* Exercise directions: Each line from the one holding "rainbow panorama with field photo" to the last line below must be restated word for word, and no picture may be included.

* Collected data:
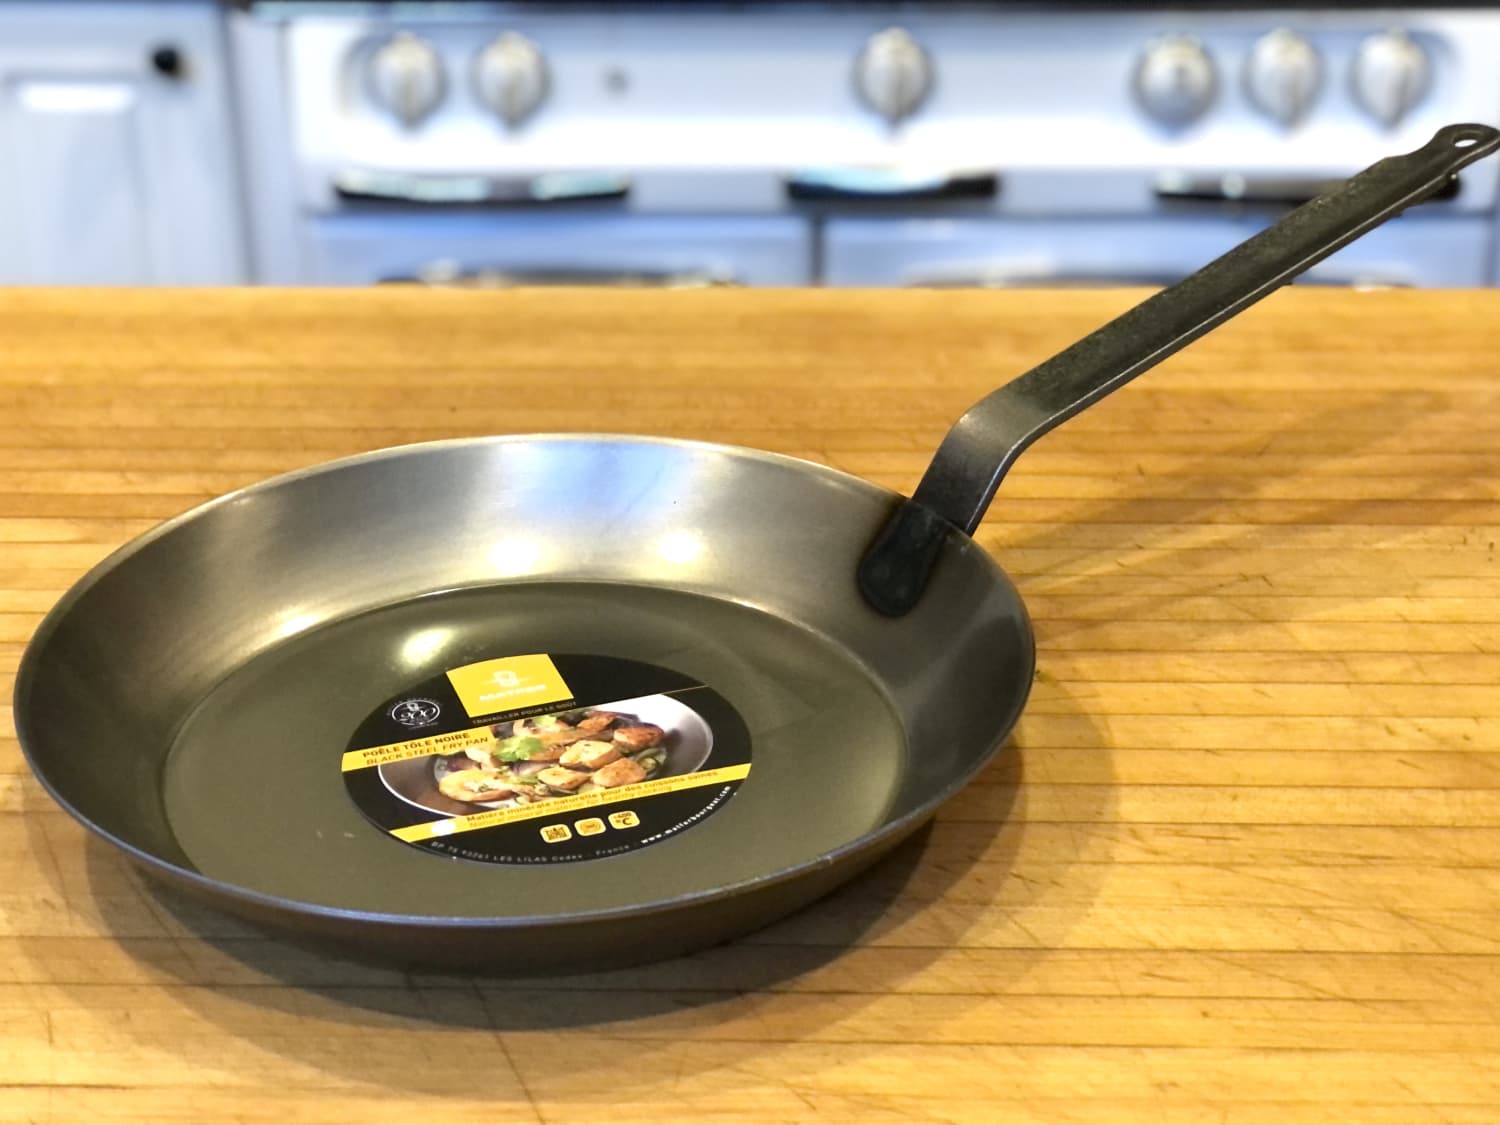 Matfer Bourgeat Carbon Steel Fry Pan Review: A Versatile Pan
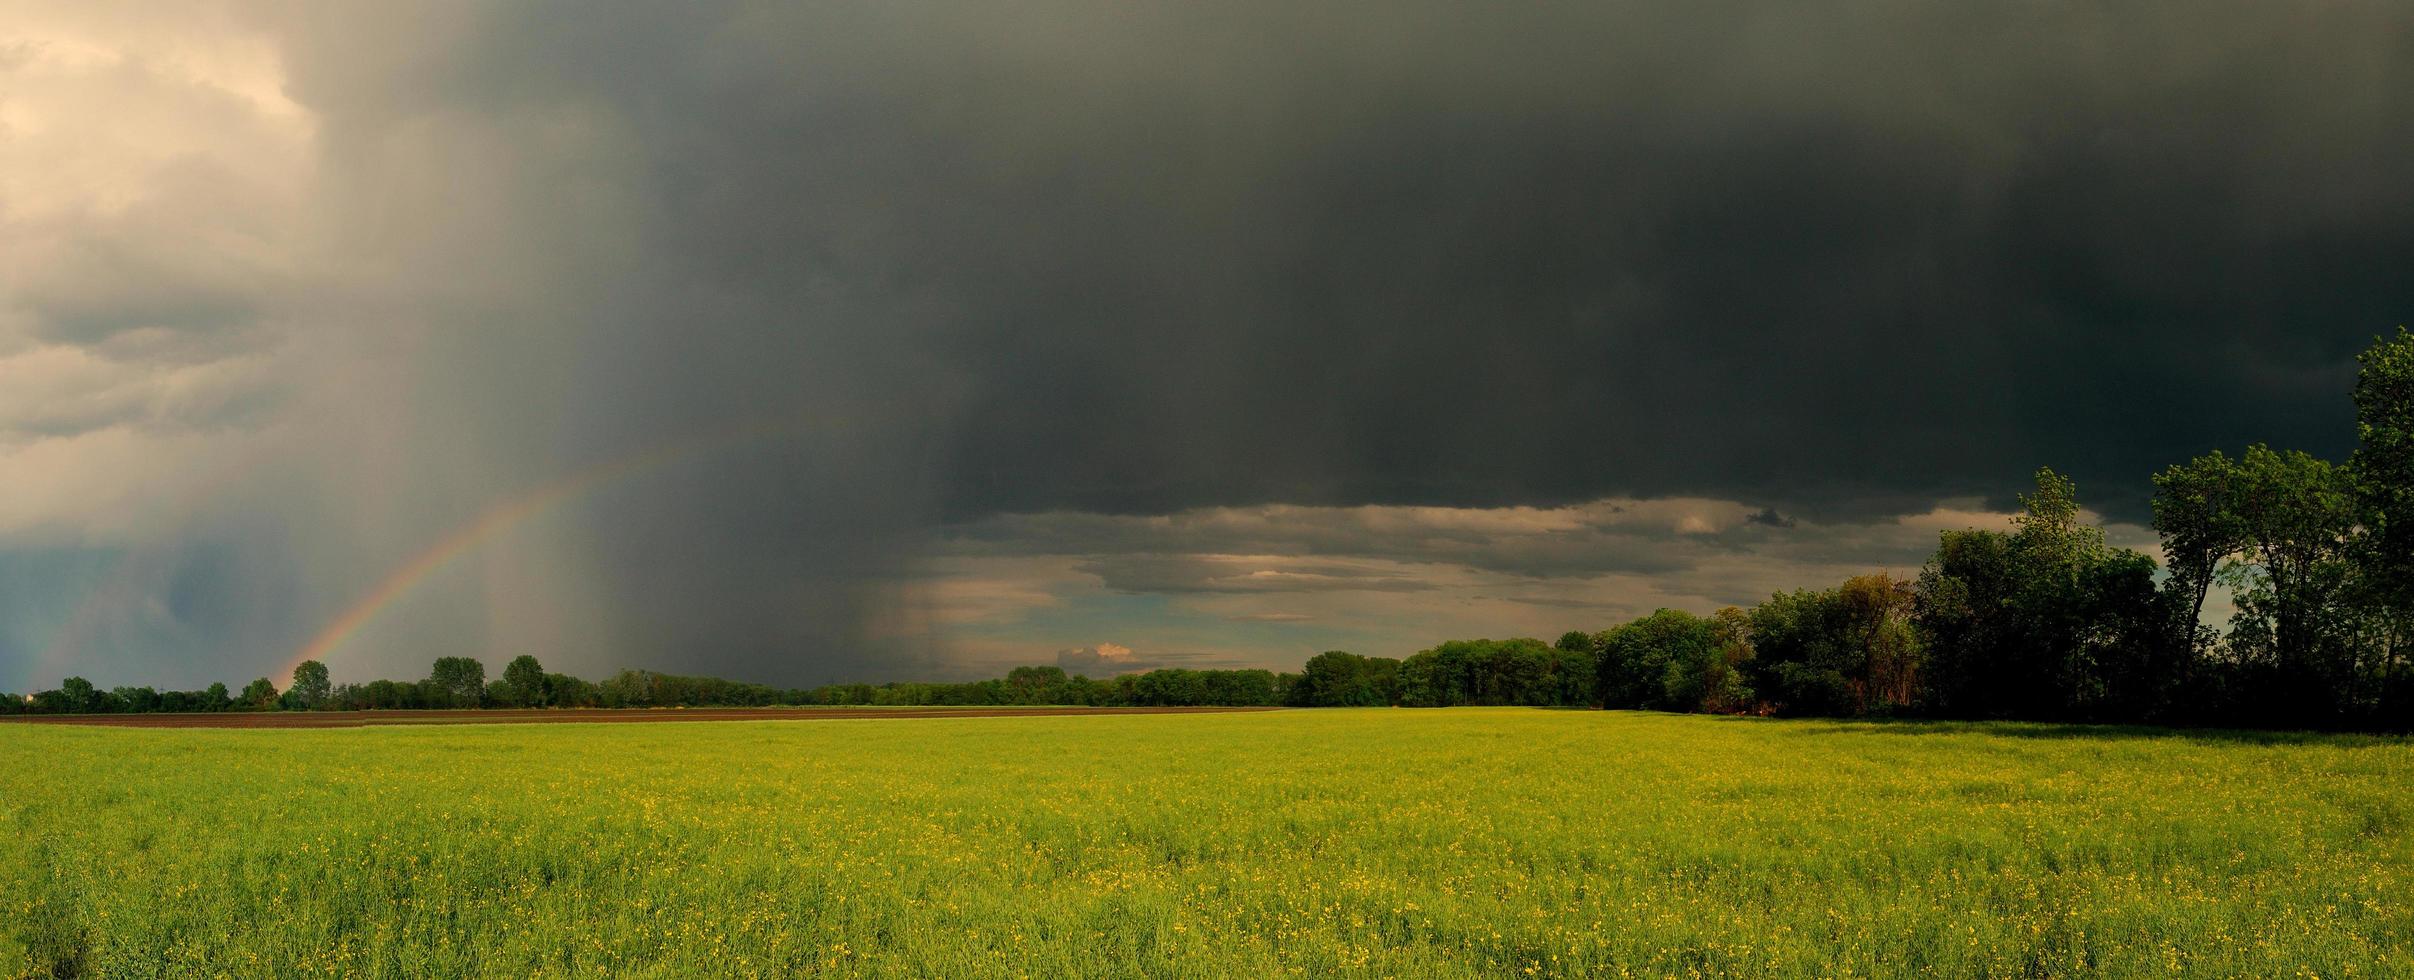 rainbow panorama with field photo
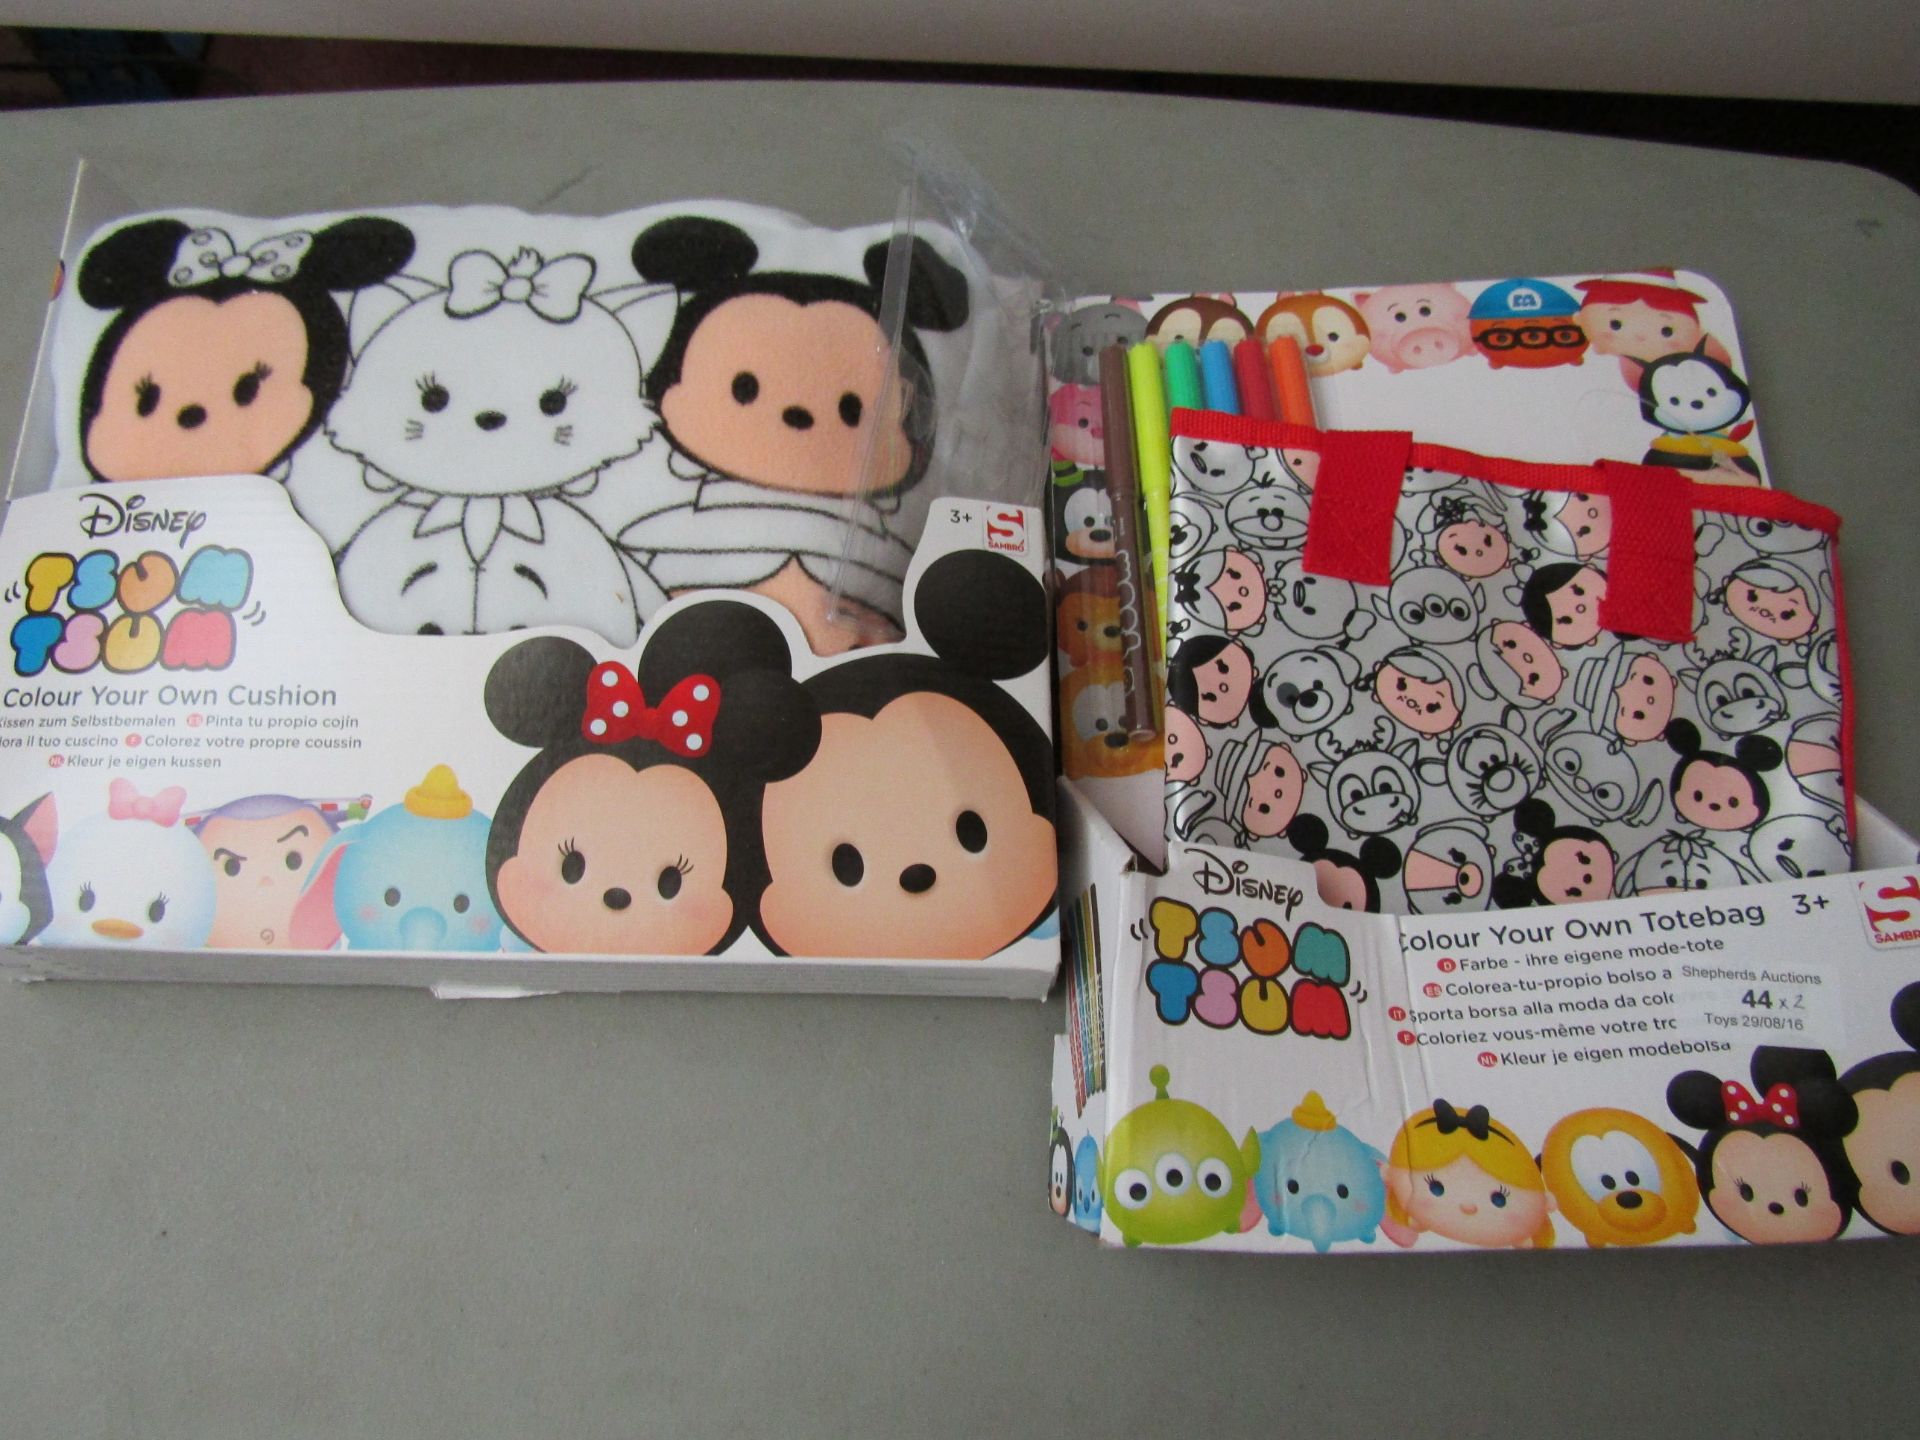 2x Disney Tsum Tsum items being; Tsum Tsum colour you own totebag, new and boxed Tsum Tsum colour

* Output:
 rainbow panorama with field photo
 2x Disney Tsum Tsum items being; Tsum Tsum colour you own totebag, new and boxed Tsum Tsum colour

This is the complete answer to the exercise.